Но мне как-то слишком аккуратно затыкают рот ладонью, а мое тело подхватывают чьи-то руки, торопливо вынося из зала.

— Модели стало плохо! — слышу раскатистый голос Гурина.

И тут же буквально через пару секунд он и сам оказывается передо мной, — в его собственном кабинете.

— Плохо?! — я уже практически бьюсь в истерике. — Вы думаете, кто-то вам поверит? Да они же слышали все! И видели, как я отбивалась, когда меня ваш охранник уволок! Я буду звать на помощь!

— Успокойся, Серебрякова! — Гурин давит, наступая, но глаза бегают так же испуганно, как у меня. — Хрен ты кого дозовешься, — это же Санников! Только всем нам хуже сейчас сделаешь!

Хуже?

Из горла рвется нервный полухрип-полухохоток вместе с ругательным матерным словом, которых я никогда вообще не употребляю. Ну, до этого времени.

— Вот интересно — меня пытаются продать, а кому-то может быть еще хуже!? Да вы с ума вообще тут все сошли! Здесь же должен быть какой-то черный ход, ну, в вашем кабинете так точно! Игорь Петрович! Я просто тихонько выйду, и…

— И Санников потом меня с дерьмом смешает! — Гурин с силой сжимает мой локоть. — И меня, и весь мой бизнес! Ну, ты чего, Софья, а? Подумаешь! Ну, захотел он тебя, — да все девки были бы только рады! Пищали бы мне тут сейчас от восторга до моей глухоты! Это же — Санников! Он вон за тебя пятьдесят лямов выбросил! Думаешь, ты ему надолго нужна, что ли? Так, ночку побалуется, и домой отправит! Не зверь же! Не съест он тебя, в конце концов! Еще и брюлики эти наверняка подарит! Ну, а я… Я, конечно, поделюсь. Да я лям целый тебе отстегну! Лям евро, Серебрякова! Ты вообще такие бабки себе хоть представляешь? За одну ночь!

— Вы все здесь помешались! — мне деваться уже некуда.

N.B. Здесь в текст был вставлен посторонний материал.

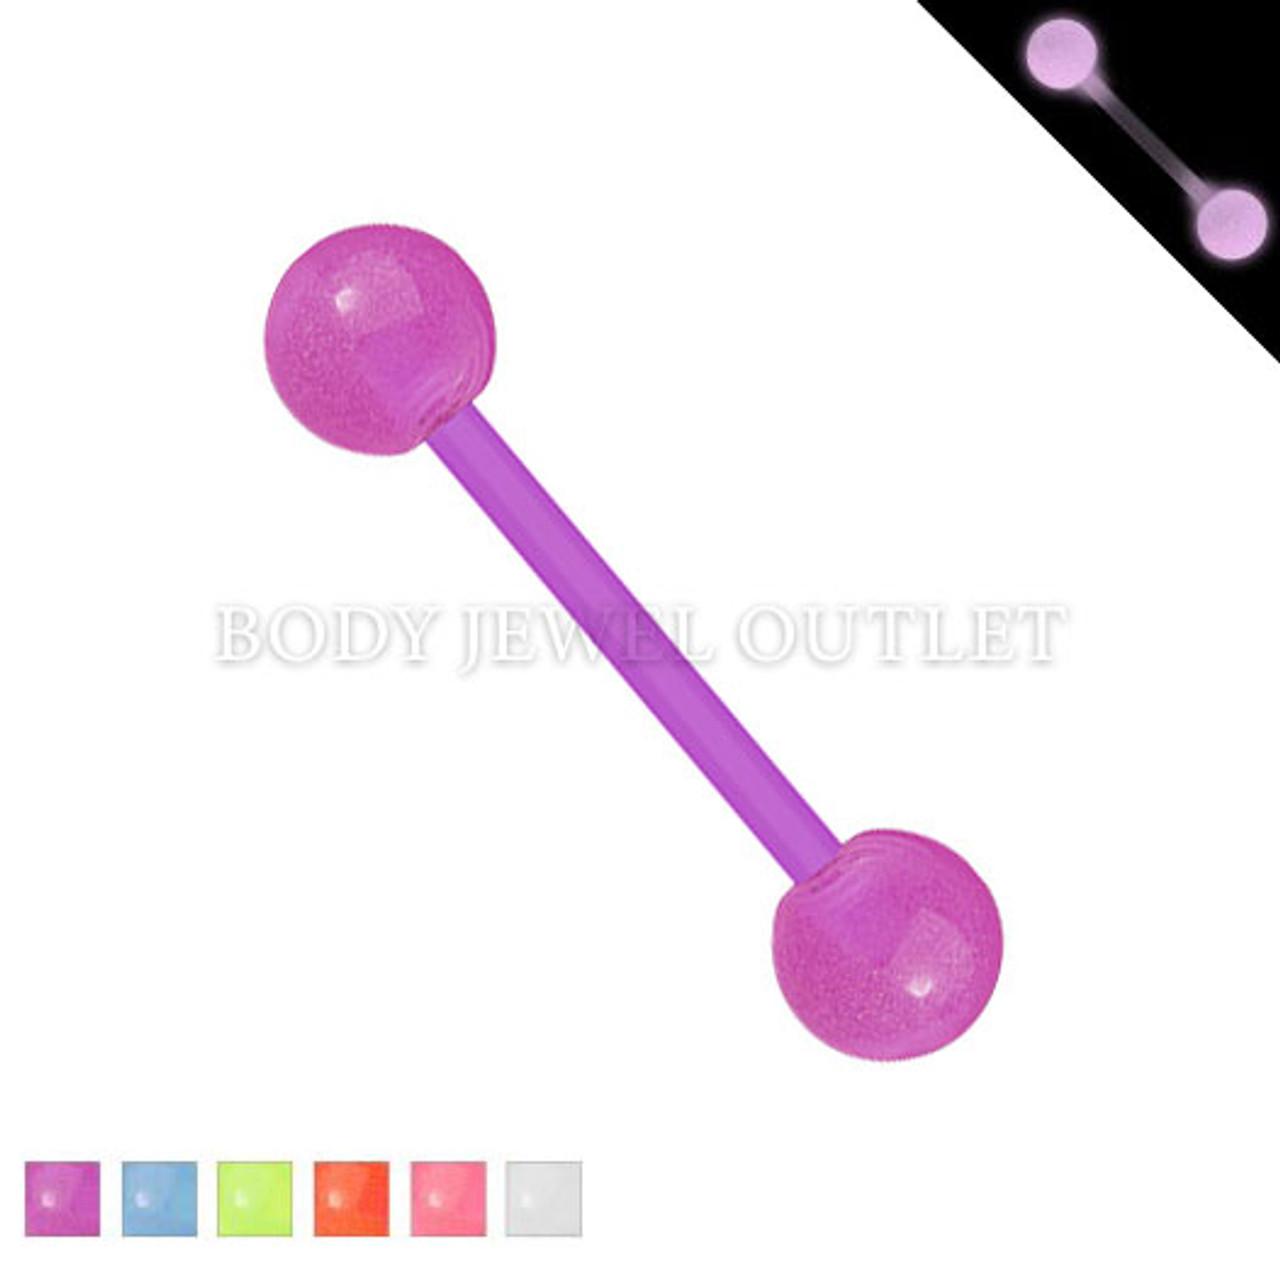 Bio Flex Tongue Piercing Purple Glow in Dark | BodyJewelOutlet

Приходится уверенно залепить Гурину между ног острым носком туфли.

— Су-ка-а, — блеет Гурин, скрючиваясь.

Зато отпускает мою руку.

Я почти свободна!

Осталось только найти, где здесь фальшивая дверца в шкафу и выскользнуть!

Ну, а дальше…

Дальше я сделаю все, чтобы ни он, ни Санников меня не нашли!

— Чего мечешься? — мне буквально ударил в спину тяжелый тягучий голос.

Останавливая. Подчиняя. Заставляя коленки подгибаться сами собой.

— Душ ищешь? Не переживай, принцесса, у меня все есть.

Санников наступал, — вот прямо иначе и не скажешь.

Просто наступал на меня своим огромным телом, легко перешагнув через Гурина, как будто и не человек распластался у его ног.

Хотя — глядя на это лицо — дьявольски красивое, вот именно дьявольски — устрашающе, с порочной усмешкой, идеально-мужественное, — но такое, от которого хочется только отшатнуться, — становится понятно. Люди для него — и есть мусор. Все, кроме него самого, великого и ужасного Станислава Санникова.

Он переступает через них, не глядя.

И не удивлюсь, если при этом еще и сворачивает головы тем, кто решится их поднять!

— Стас… — тихо роняю, прижимаясь спиной к той самой фальшивой створке шкафа — да, я ее таки нашла, но, увы, слишком поздно. — Прекрати это все. Отпусти меня. Ну — зачем я тебе, а?

Никто не поможет, — ни охрана, ни люди там, в зале.

Даже если учесть, что почти все они знают, кто я, — пусть, возможно, и не узнали сразу.